Holy Trinity Church, Marylebone, Westminster, London is a former Anglican church, built in 1828 by Sir John Soane. By the 1930s, it had fallen into disuse and in 1936 was used by the newly founded Penguin Books company to store books. A children's slide was used to deliver books from the street into the large crypt. In 1937, Penguin moved out to Harmondsworth, and the Society for Promoting Christian Knowledge moved in. It was their headquarters until 2004, when it moved to London Diocesan House in Causton Street, Pimlico. The bookshop moved to Tufton Street, Westminster, in 2003.
In 1999 the SPCK established the Assemblies website to provide resources for school assemblies.
On 1 November 2006, St Stephen the Great Charitable Trust took over the bookshops but continued to trade under the SPCK name, under licence from SPCK. That licence was withdrawn in October 2007. However, some shops continued trading as SPCK Bookshops without licence until the SSG operation was closed down in 2009. In 2006 Alec Gilmore described what he called the "narrowing" of the SPCK's vision.
In 2019 the SPCK's "specialist medical, mental health and self-help imprint", The Sheldon Press, was acquired by Hachette UK.

SPCK's former book series

Book series published over the years have included the following:

Based on lecture series

SPCK's former periodicals

  • The Child's Pictorial: A Monthly Coloured Magazine
  • The Dawn of Day
  • Golden Sunbeams: A Church Magazine for Children
  • The Home Friend: A Weekly Miscellany of Amusement and Instruction
  • The People's Magazine: An Illustrated Miscellany for Family Reading
  • ''The Saturday Magazine''

    SPCK's former pedagogical aids

  • Atlases
  • Church History Cartoons
  • Maps, "mounted on canvas and roller, varnished"

    SPCK in the 2020s

The SPCK's publishing team produces around 80 titles per year, for audiences from a wide range of Christian traditions and none.
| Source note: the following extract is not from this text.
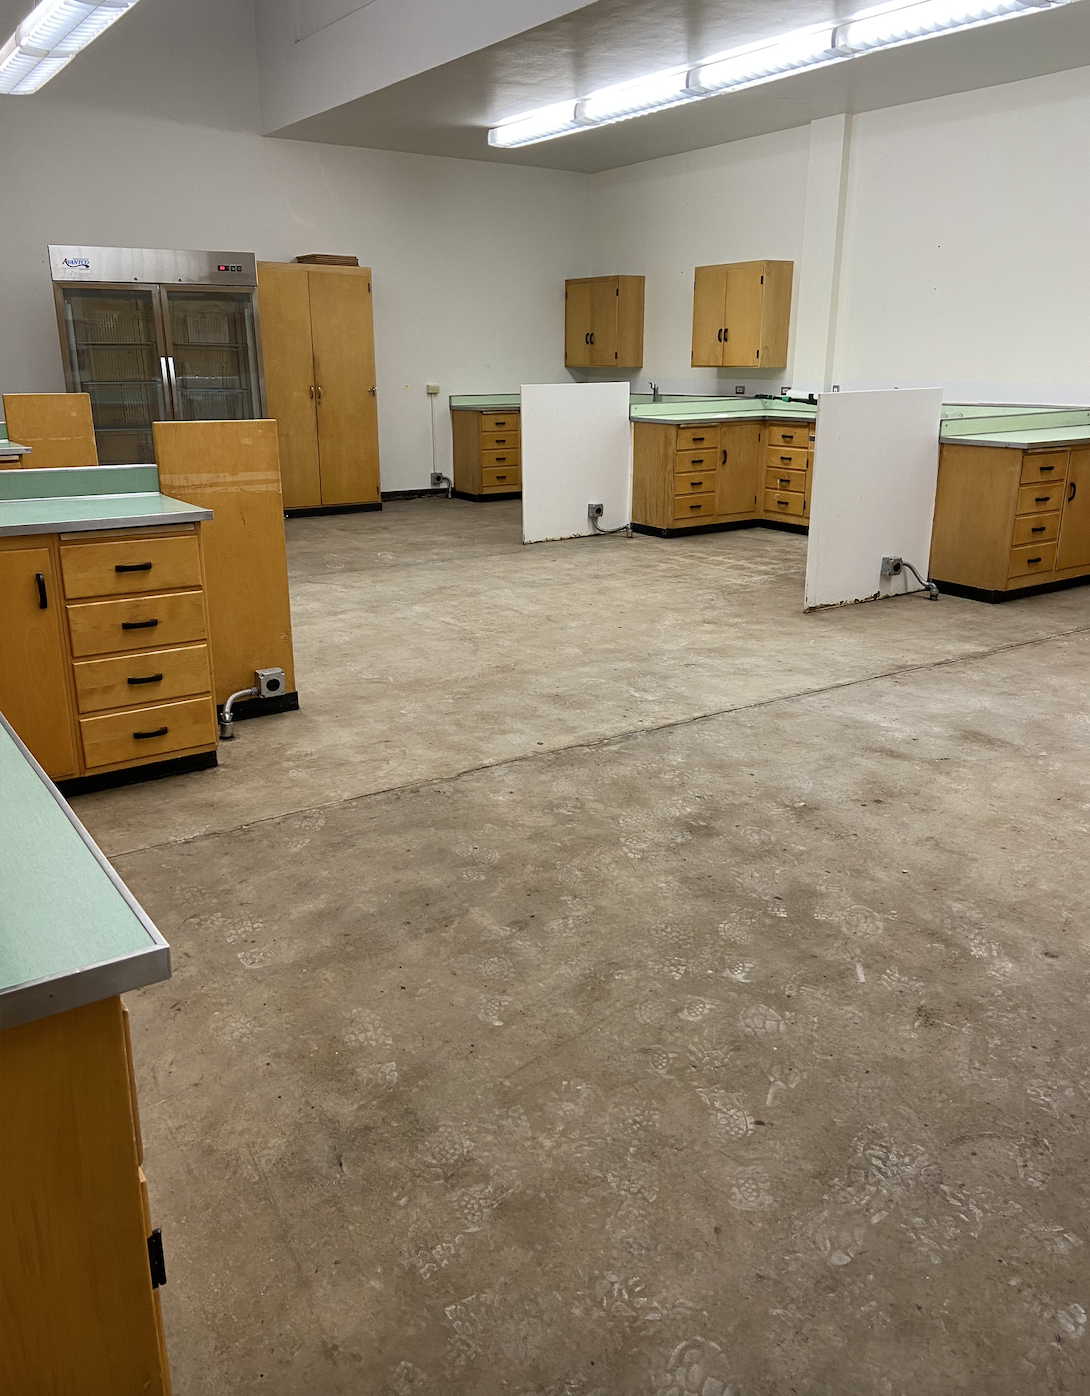 FACS Kitchen floor removed

The SPCK publishes under its own name, SPCK Publishing, and via three main imprints, IVP, Lion Hudson and Marylebone House.

SPCK Publishing

SPCK Publishing is a market leader in the areas of theology and Christian spirituality. At present, key authors for SPCK include the Anglican New Testament scholar N. T. Wright, the former Archbishop of Canterbury Rowan Williams, Paula Gooder and Alister McGrath. Recent additions to SPCK's list include Guvna B, and Ben Cooley, founder of Hope for Justice.
SPCK is also increasingly gaining recognition in the secular space in genres such as history and leadership. SPCK represent authors such as Terry Waite, Melvyn Bragg and Janina Ramirez.

SPCK's current book series

In 2023 SPCK Publishing was issuing the following series:
  • Discovering Series
  • Food for the Journey
  • For Everyone Series
  • Modern Church Series

    IVP

SPCK merged with Inter-Varsity Press in 2015. IVP maintains its own board of trustees and editorial board. Key authors for IVP include John Stott, Don Carson, Amy Orr-Ewing and Emma Scrivener.